Internalizar mais a produção de insumos essenciais e se preparar para interrupções das cadeias de suprimentos não é para qualquer um. Atrair a atenção de países interessados em diversificar a cadeia de fornecedores também não é uma missão trivial. Estabilidade política, reformas econômicas, atenção a pautas que ganharam peso com a crise, como a sustentabilidade, também contam. Ganharão aqueles que entenderem as novas regras do jogo.

PRONTOS PARA NOVOS RISCOS

Os países precisam diversificar seus fornecedores e se preparar para novas crises, segundo especialista em cadeias globais | Carla Aranha

Jeffrey Schott: política para a produção local de insumos essenciais | Divulgação (Divulgação/Divulgação)

 

O economista americano Jeffrey Schott, pesquisador do Instituto Peterson, em Washington, e autor de mais de dez livros sobre políticas de comércio internacionais, vem observando com atenção a reação dos países às disrupções do comércio global causadas pela pandemia. Ele falou à EXAME sobre os ensinamentos da crise atual.

O que deve mudar nas cadeias globais de suprimentos por causa da crise do coronavírus?
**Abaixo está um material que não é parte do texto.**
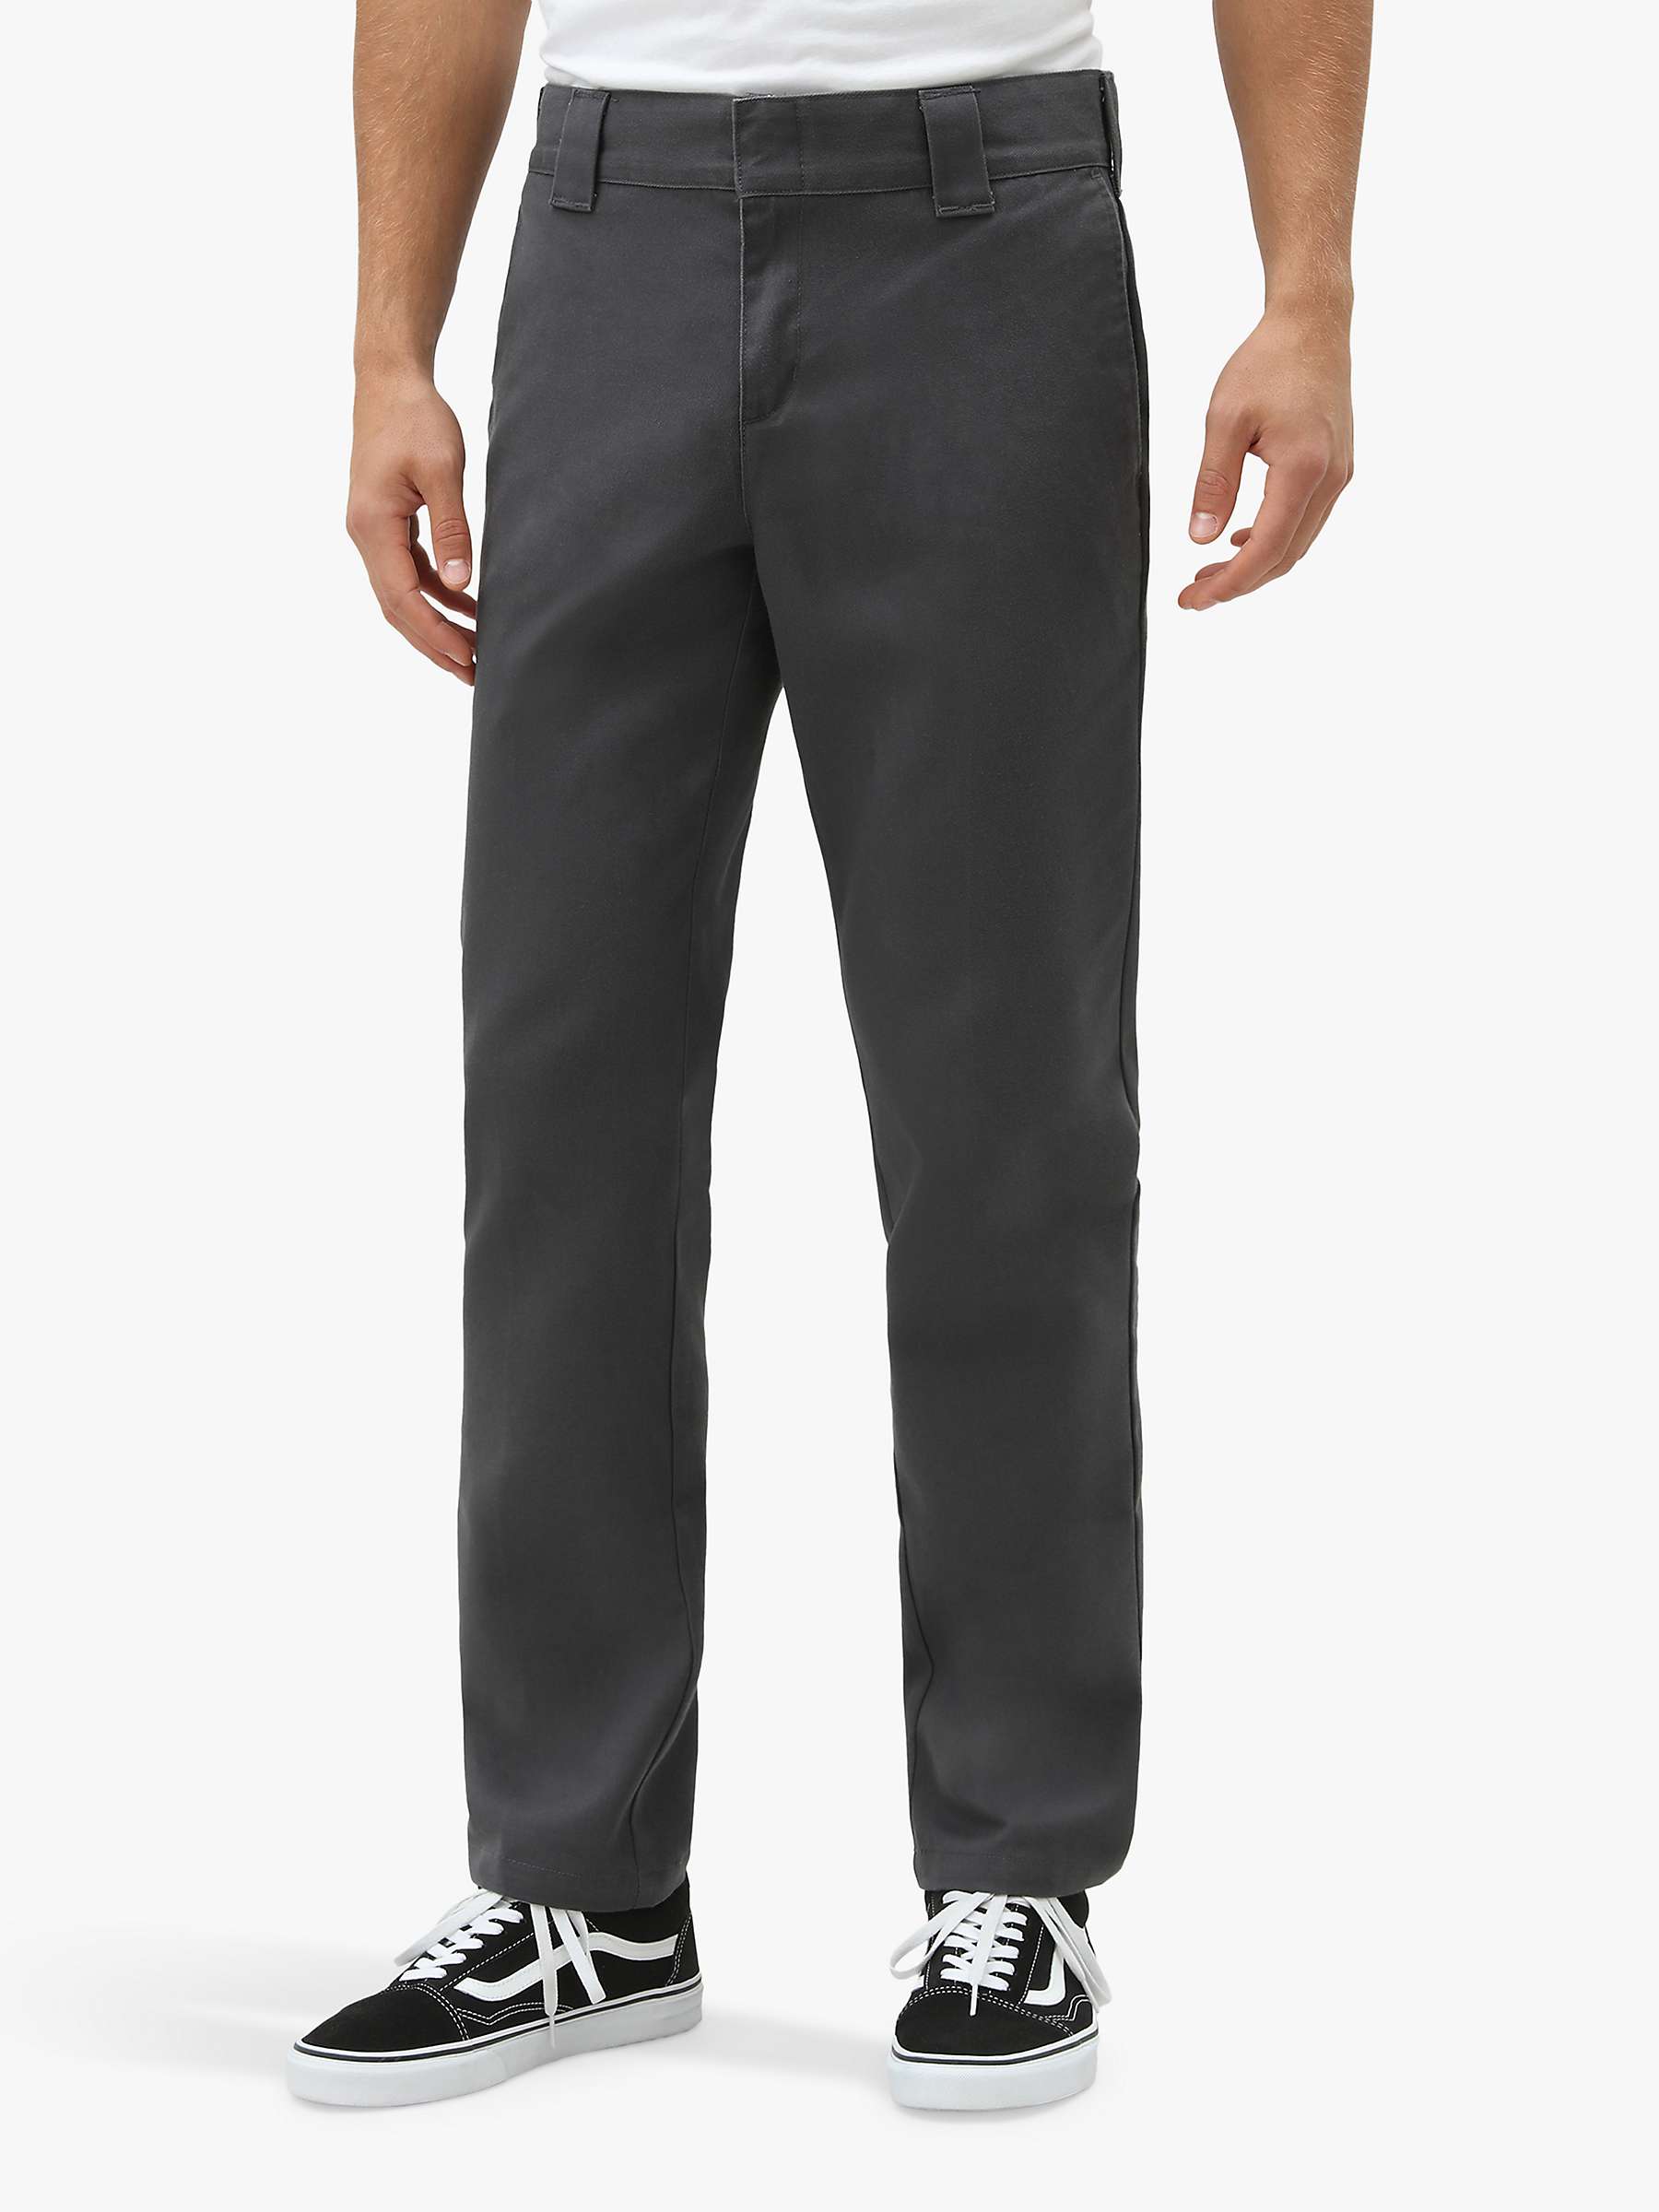 Dickies 872 Slim Fit Trousers, Charcoal Grey at John Lewis & Partners

Ficou clara a necessidade de fortalecer sistemas de compras com mais países, em vez de depender de um único país para ter acesso a insumos essenciais, como princípios ativos de remédios e produtos químicos. Países como o Japão estão internalizando a produção de algumas matérias-primas, e o mesmo deverá ser observado em outros países.
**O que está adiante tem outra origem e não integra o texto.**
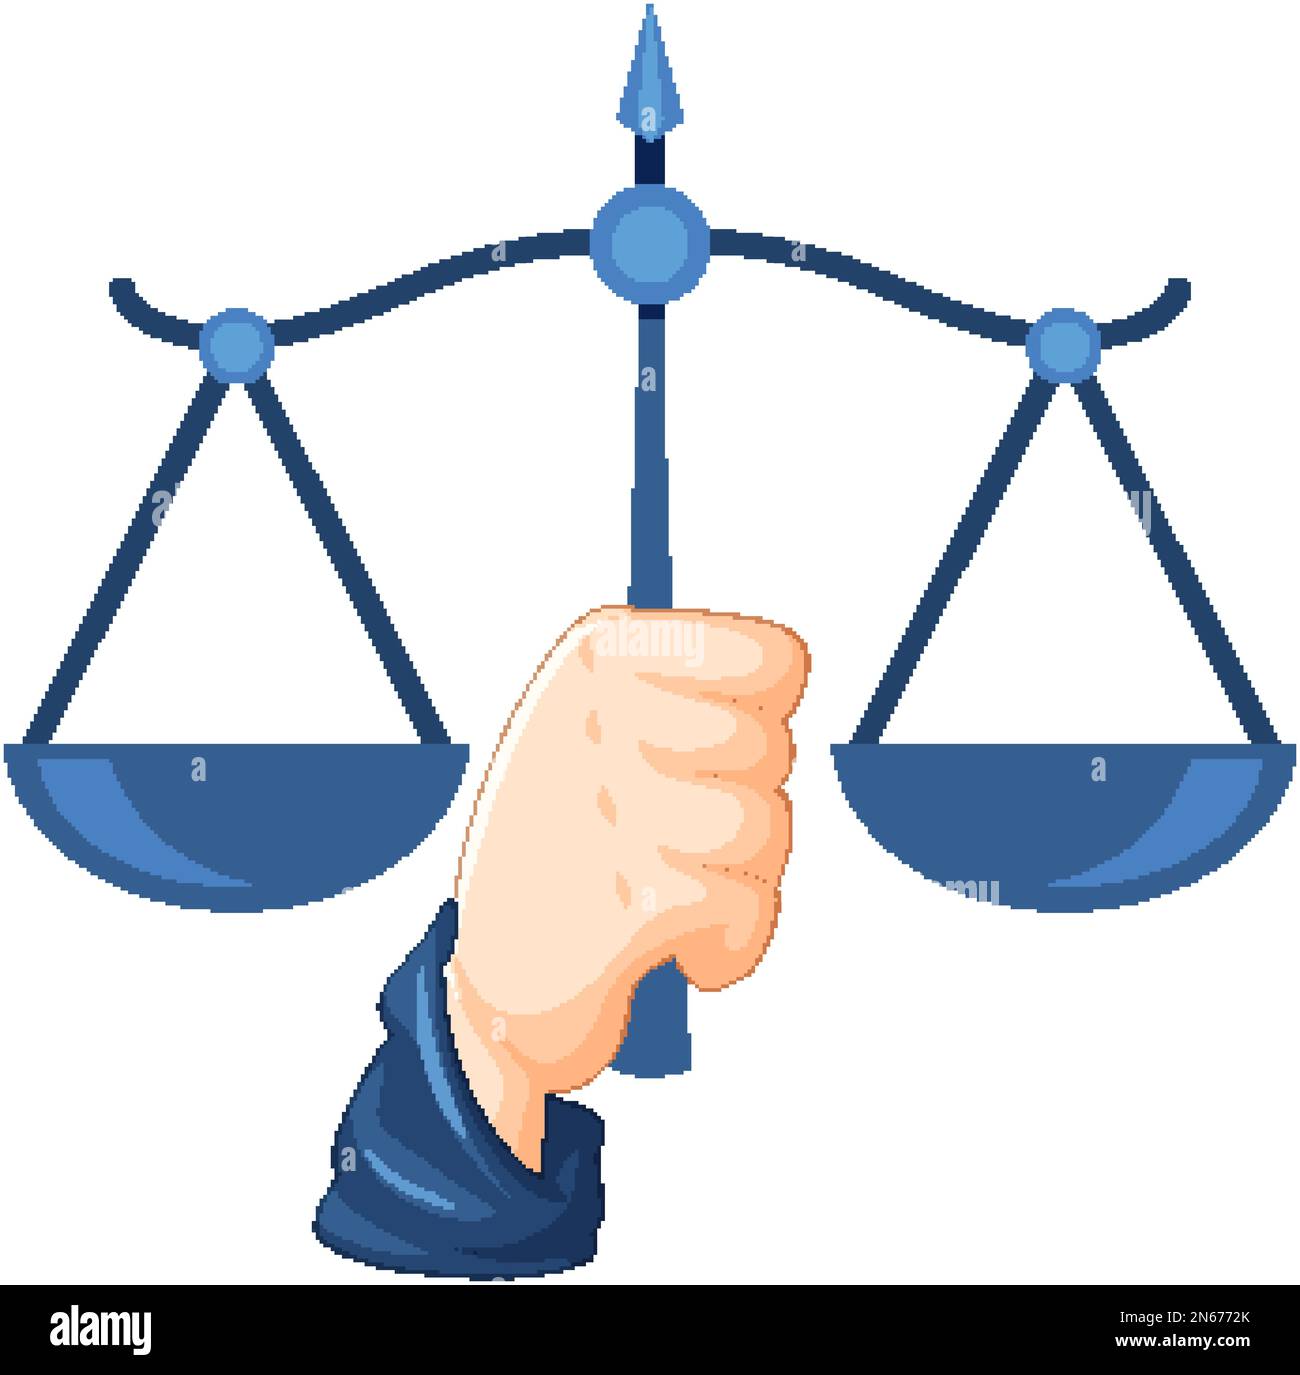 https://c8.alamy.com/comp/2N6772K/legal-justice-balance-scale-icon-illustration-2N6772K.jpg
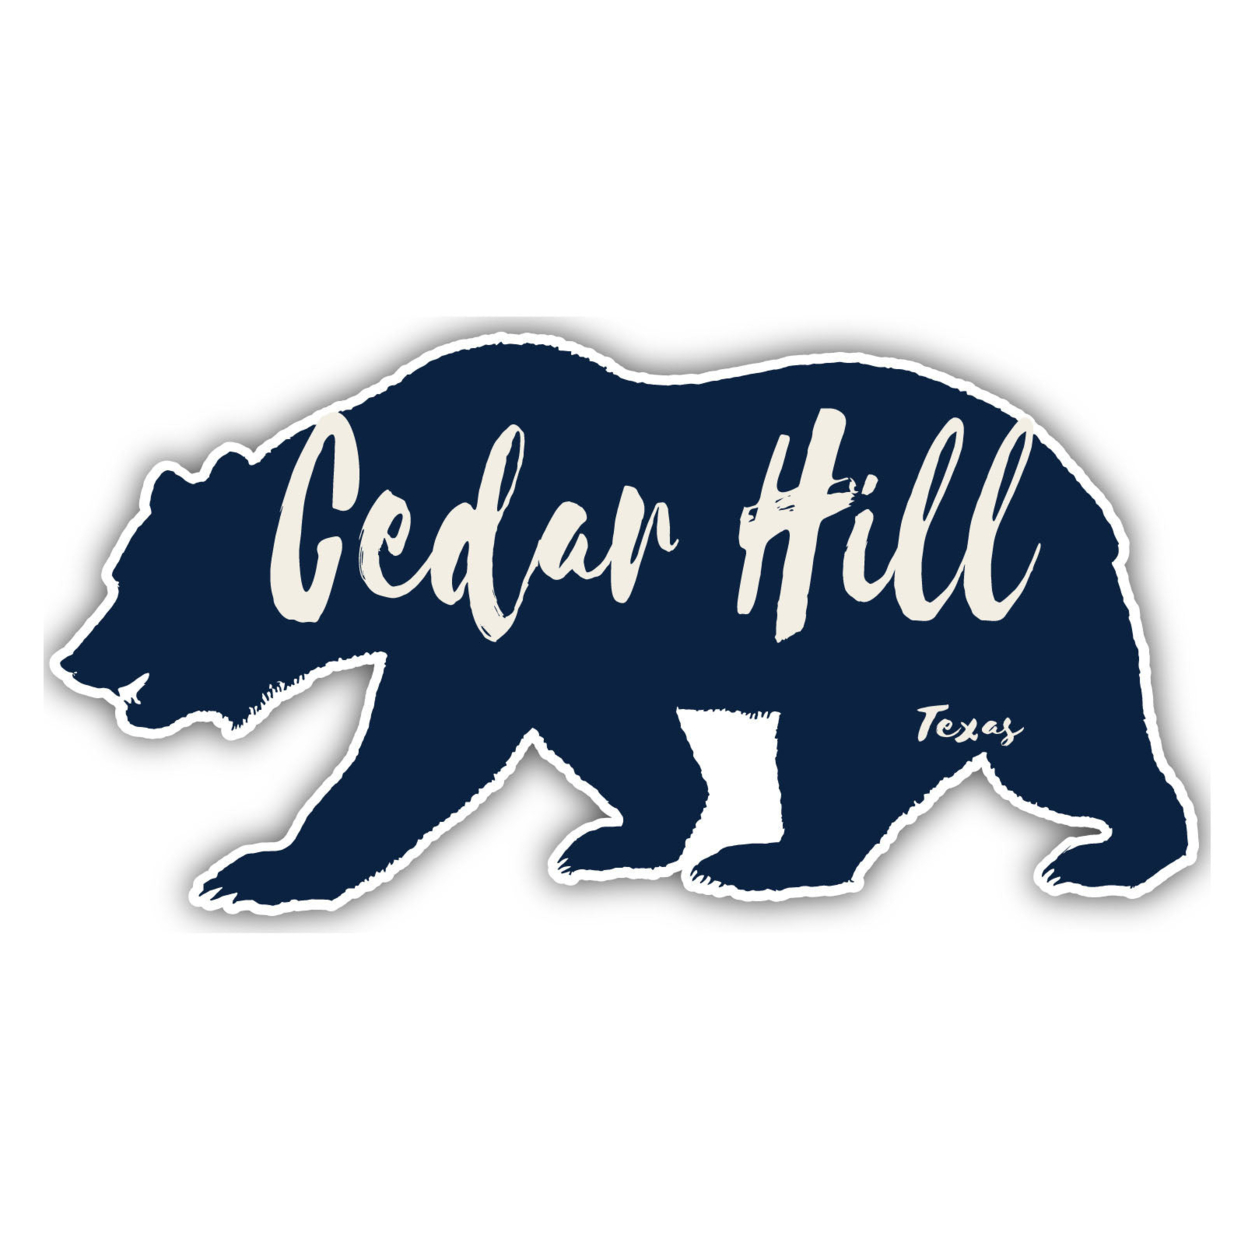 Cedar Hill Texas Souvenir Decorative Stickers (Choose Theme And Size) - 4-Pack, 2-Inch, Bear

Os países desenvolvidos já vinham incentivando a produção local de produtos básicos para reduzir a dependência de poucos fornecedores mundiais?
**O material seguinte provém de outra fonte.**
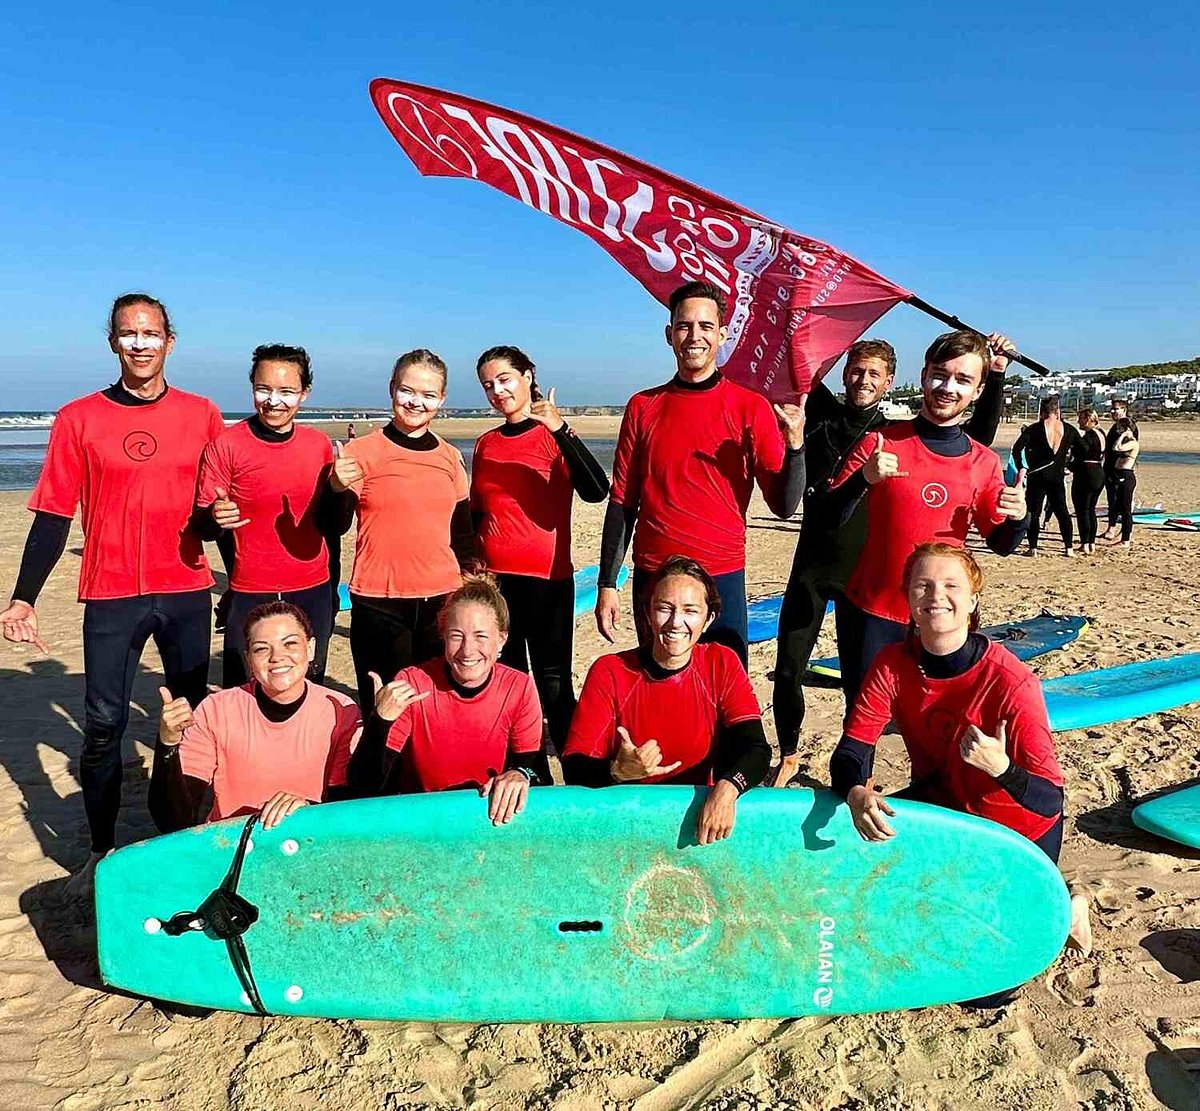 Beach Apartments Deluxe – Surf School Conil

Sim. Há diversos exemplos, que vão da Austrália à Alemanha, de uma preocupação crescente com essa dependência. Esses países já estavam fazendo investimentos significativos em inovação e na automação do parque industrial para fabricar artigos a custos mais baixos
e com qualidade.

Mas, ainda assim, os produtos chineses não são mais baratos?

São e provavelmente vão continuar sendo. Não se trata de deixar de comprar da China, mas de criar visões de longo prazo para fortalecer a produção local de produtos que não podem faltar. O coronavírus intensificou esse processo porque deixou muitos países à míngua em relação a respiradores e outros produtos da área médica.

Ao mesmo tempo, existe uma tendência de diversificar os fornecedores globais?

Sem dúvida. A questão do preço é importante, mas de nada adianta ter um fornecedor com um preço maravilhoso se você não tem acesso a ele por algum motivo. A humanidade não está livre de novos riscos, como fenômenos climáticos e até novas doenças. Precisamos nos preparar para isso.